Parole nella polvere

Da un piccolo cimitero del Connemara, di fronte all'Atlantico, si levano voci che dicono la loro su tutto e tutti: fatti personali, tragedie recenti (siamo all'epoca del nazismo e della seconda guerra mondiale), leggende popolari, guerra civile, rugby. Dialogano fra loro morti che non sono morti, e che anzi intervengono come se fossero ancora nel pieno delle loro vicende quotidiane. Sopra tutti risuona la voce di Caitríona, sanguigna vedova in perenne dissidio con nuora e consuocera, col prete, con la sorella, col mondo intero insomma.

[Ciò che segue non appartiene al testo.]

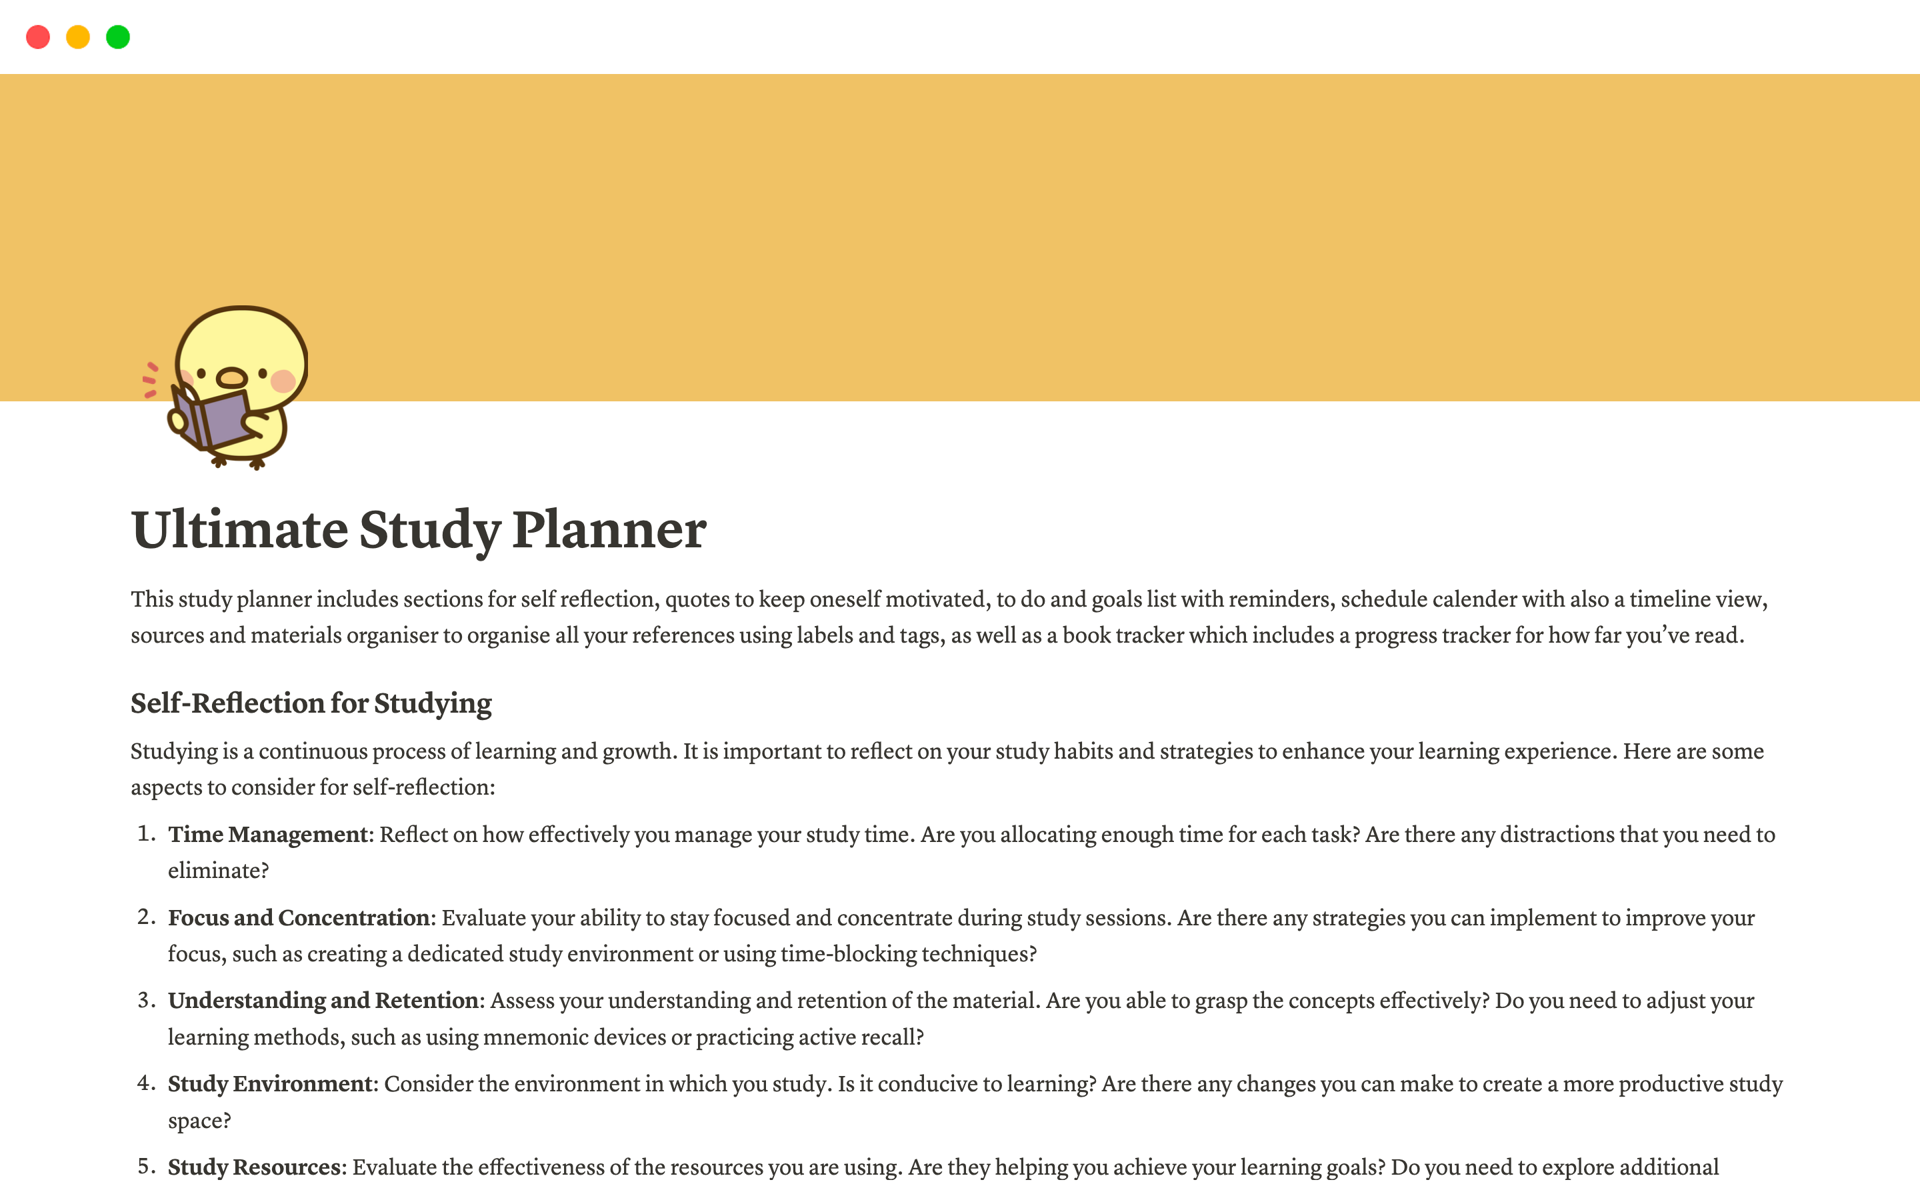 A study planner with all the essential tools you need to plan out your studies on time and efficiently, keeping everything organised.
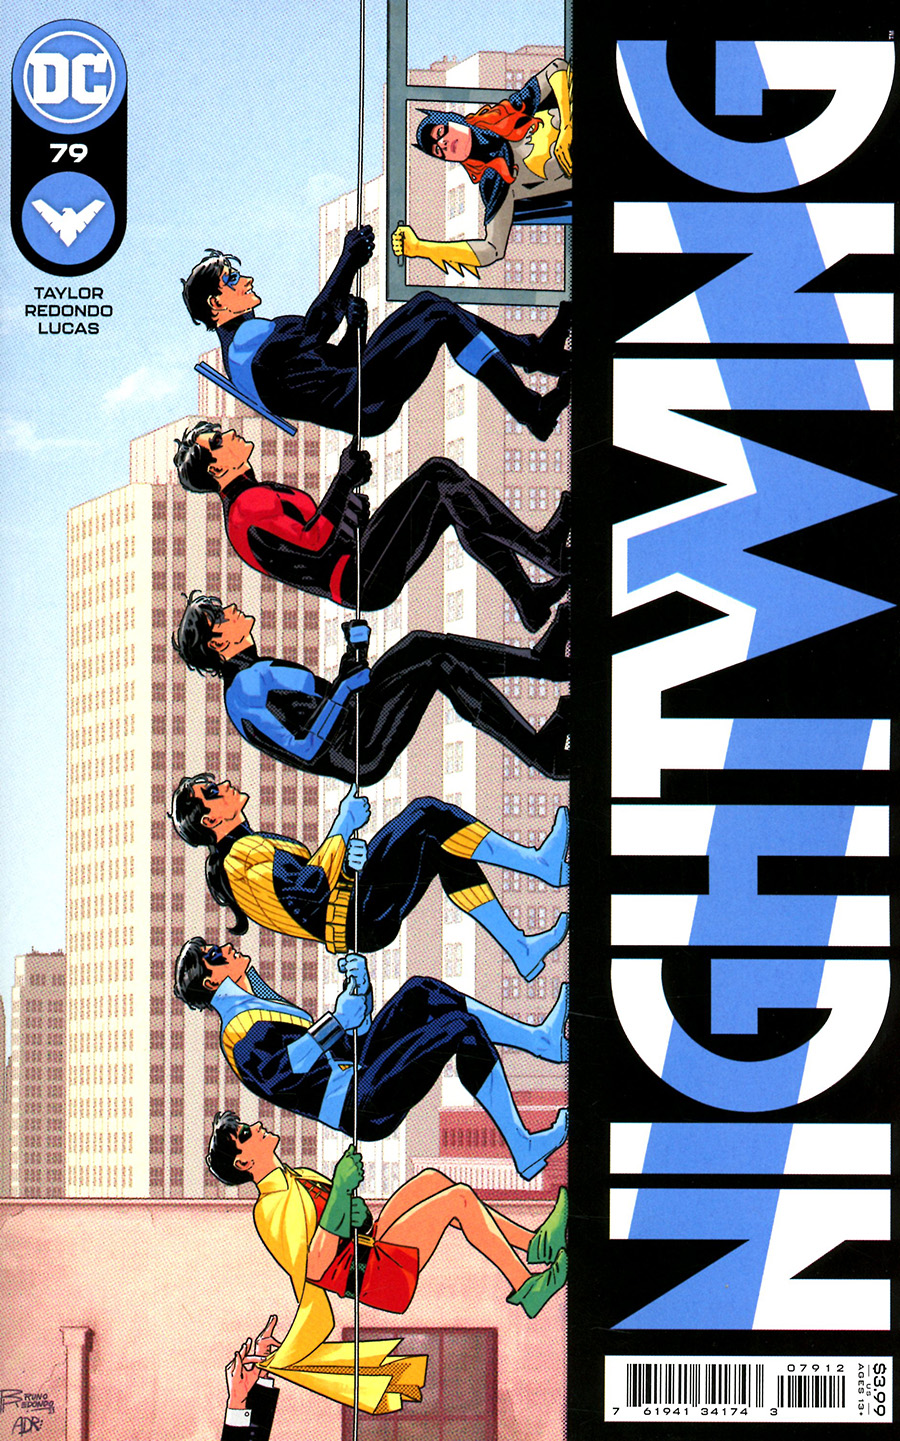 Nightwing Vol 4 #79 Cover C 2nd Ptg Bruno Redondo Variant Cover (Limit 1 Per Customer)

"Parole nella polvere" è un brulicante viluppo di storie radicate in un mondo intimamente orale, un'incessante conversazione che ripercorre le contraddittorie vicende di una comunità, tra accuse e controaccuse che parlano di proprietà della terra, di matrimoni più o meno d'amore, di debiti ed eredità. Ó Cadhain costruisce in questo modo un quadro grottesco dell'Irlanda di quegli anni, segnata dalla miseria della vita rurale e dalle tensioni politiche e sociali, oltre che dalla paura e dalla meschinità umane.
Capolavoro di uno dei grandi autori della letteratura moderna di lingua irlandese, "Parole nella polvere" è rimasto a lungo inaccessibile al pubblico internazionale. Descritto da qualcuno come lo "Spoon River" irlandese, appare tuttavia assai lontano dal tono dolente di Lee Masters, riuscendo piuttosto una commedia nera concitata e paradossale. Secondo il giudizio di un critico, «una grande opera comica, in assoluto la più divertente dell'irlandese moderno».